Diagnostic robustness simulation

To simulate a clinical diagnostic scenario, we utilized ERBB2 expression data from 12 sequencing libraries. A diagnostic cutoff was empirically defined as the midpoint separating the dPCR-quantified absolute copy numbers of the tumor model (LCA) and normal controls (Quartet D5 and D6). For the uncalibrated analysis, raw FPKM values were log2-transformed. For the calibrated analysis, TranScale-derived absolute copy numbers were used. We calculated the consistency of diagnostic classification (Tumor vs. Normal) across all batches relative to the dPCR-defined ground truth.

Statistics & Reproducibility

Study design and Sample size

No statistical method was used to predetermine sample size. The sample sizes were 12 technical replicates for initial measurement of each transcript of TranScale, and 3 independent technical replicates for values validation to ensure sufficient precision for measuring absolute copy number concentrations and to rigorously evaluate batch-effect correction as per metrological standards. We sequenced 3 replicates of each of the four RNA samples (D5, D6, LCA, and LCN) using 2 commercially available short-read sequencing protocols: PolyA and RiboZero, generating 12 data batches. Each batch included 6 libraries, resulting in a total of 72 libraries. These sample sizes are sufficient to provide within-batch technical replication, cross-protocol comparisons, and cross-batch/laboratory reproducibility assessment. Details are illustrated explicitly in Fig. 1.

Data exclusion

All data from planned experiments have been included. All attempts at replication were successful.

Randomization

The experiments were not randomized, as the study did not involve group comparisons requiring random allocation. Samples were allocated by a pre-specified, balanced design.
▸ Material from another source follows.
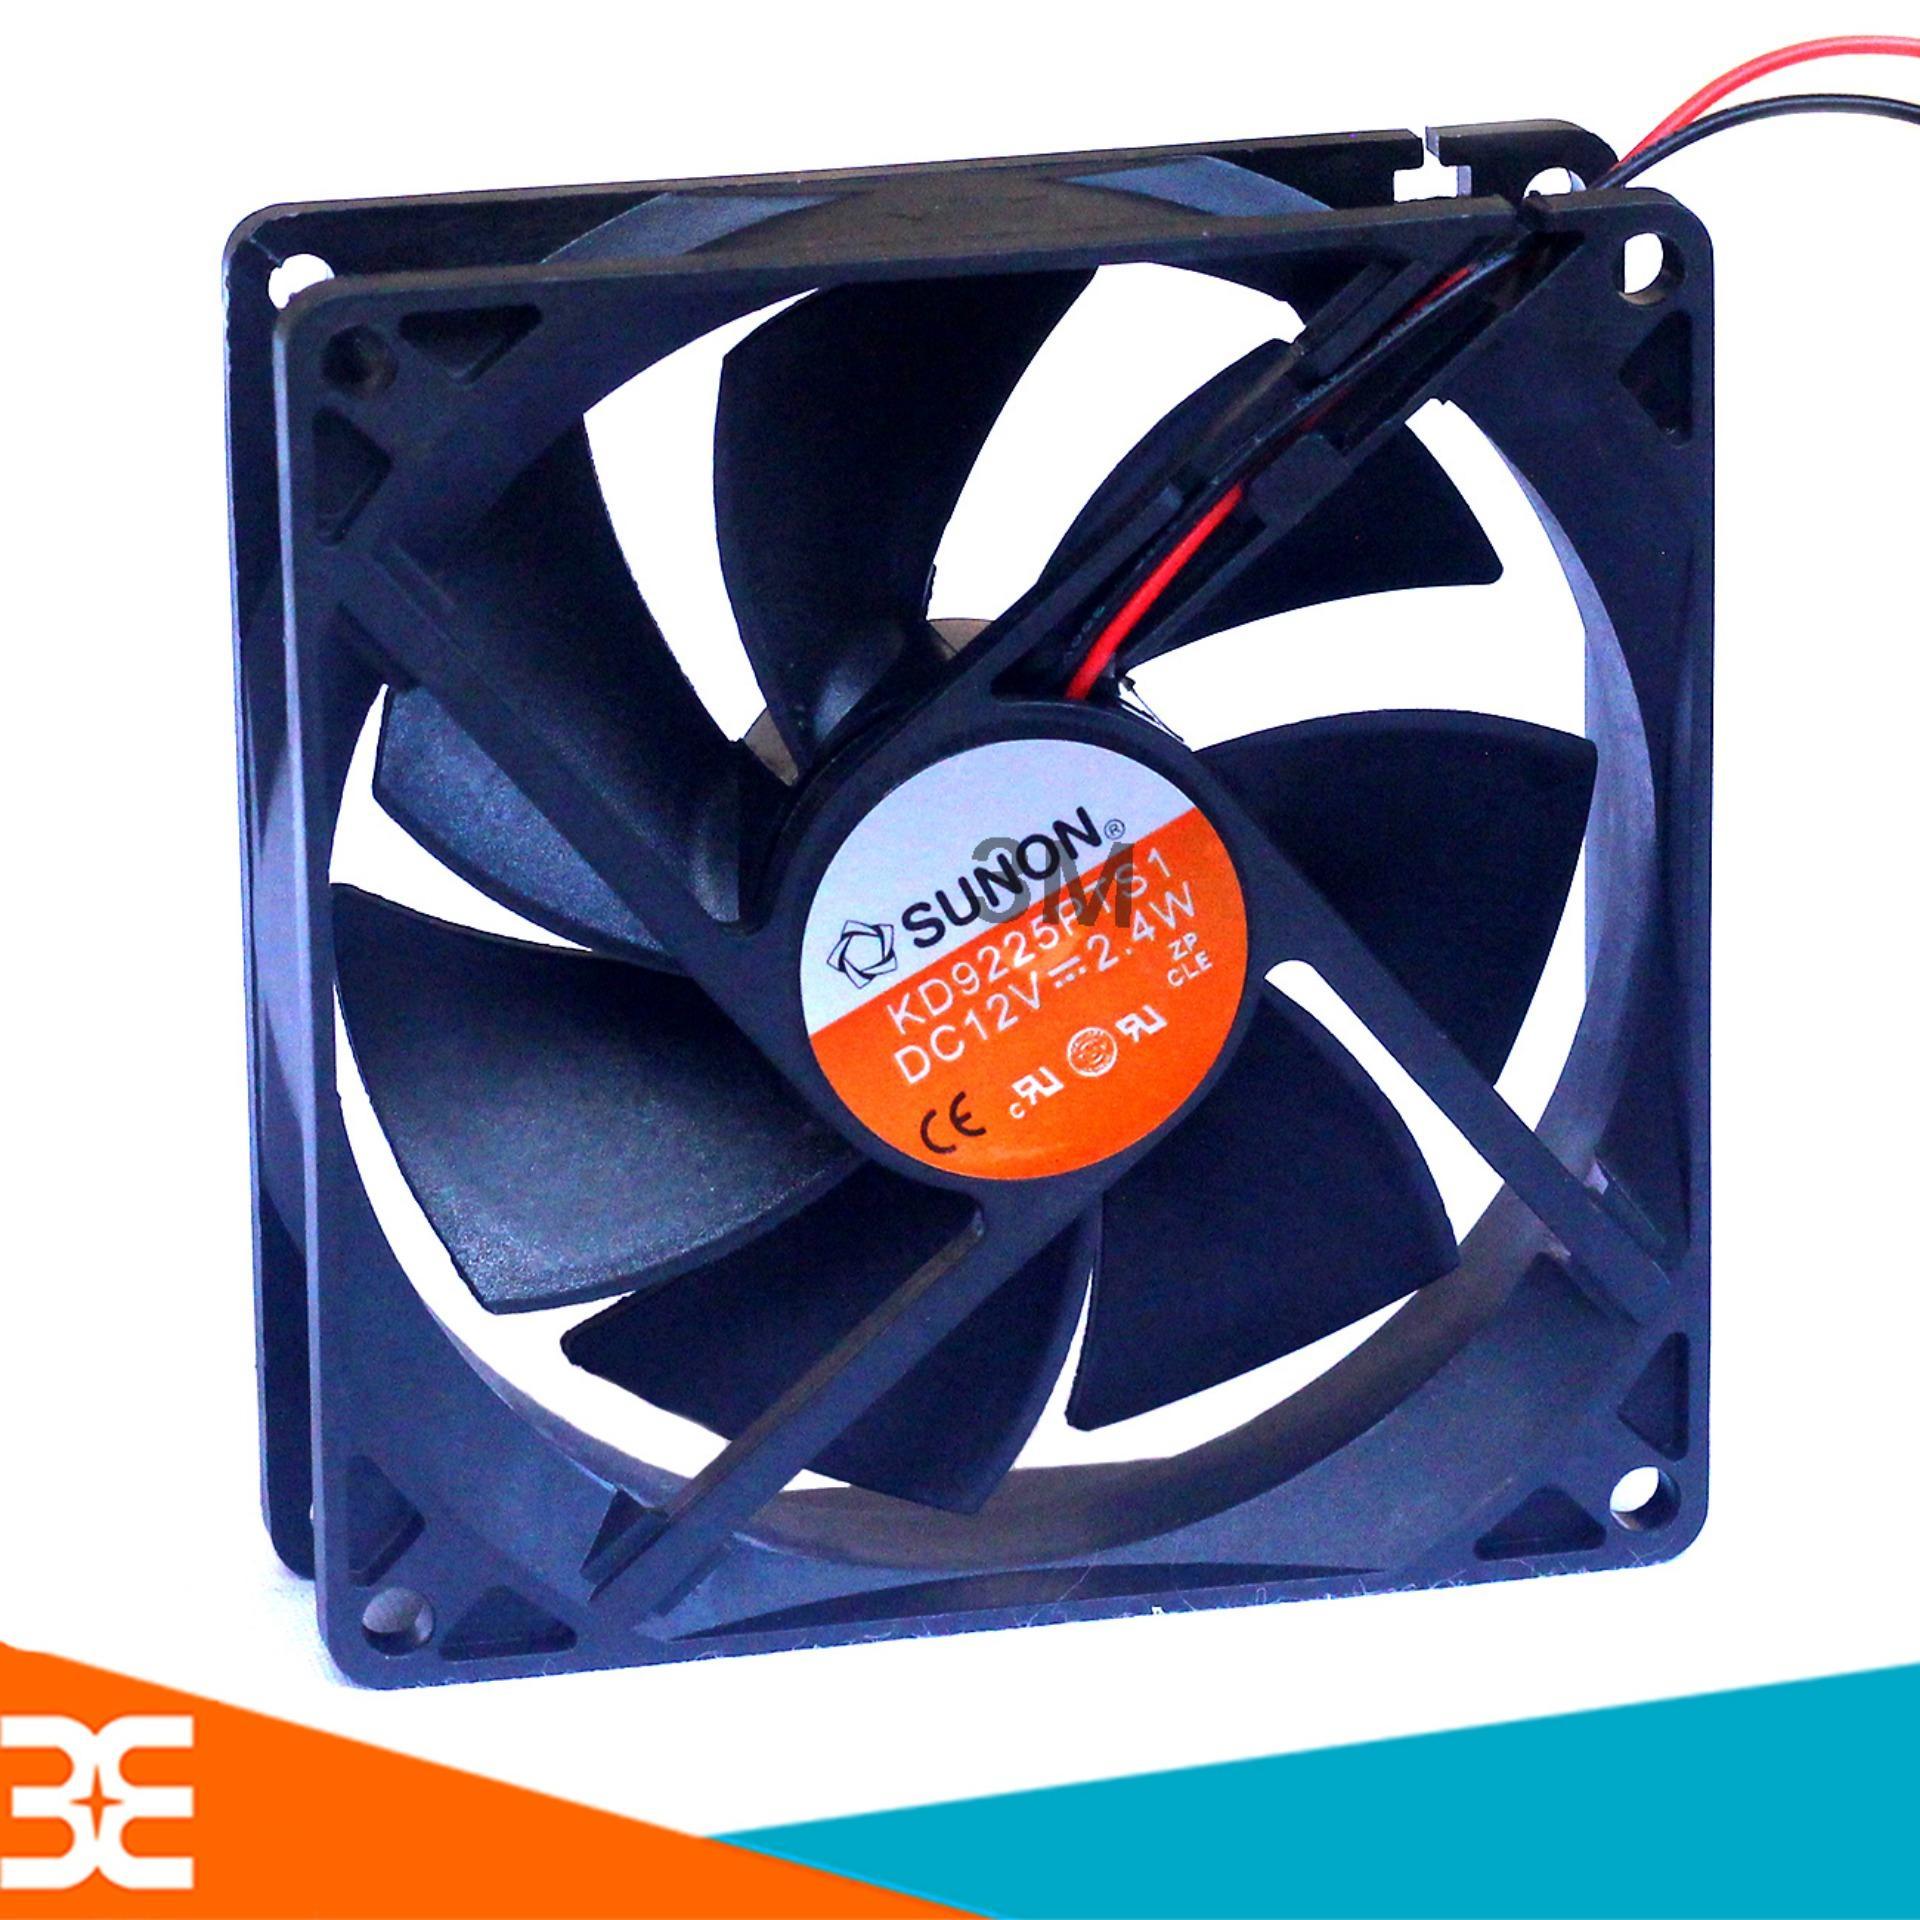 Giá [Tp.HCM] Quạt tản nhiệt đa năng SUNON công suất 2.6W giá rẻ 9x9x2.5cm

Each batch contained 6 libraries; there were 3 technical replicates for 2 paired samples (samples D5 and D6, or samples LCA and LCN).

Blinding

The investigators were not blinded to allocation during experiments and outcome assessment, as the study relied on objective bioinformatic pipelines and predefined calibration standards.

Data analysis

All attempts at replication were successful. Data processing and statistical analyses were performed using R (version 4.5.0) and associated packages, including ggplot2 (version 3.5.2) for visualization. Graphs were generated using GraphPad Prism (version 10.1.2), Origin (version 2021), and Adobe Illustrator (version 2025). Specific statistical tests used for homogeneity and stability assessments are detailed in the relevant results and methods sections above.

Ethics Statement

This research complies with all relevant ethical regulations. The use of RNA materials derived from established clinical cell lines in this study was reviewed and approved by the Ethics Committee of the National Cancer Center/ Cancer Hospital, Chinese Academy of Medical Sciences (Approval no. 24/427-4707).

Reporting summary

Further information on research design is available in the Nature Portfolio Reporting Summary linked to this article.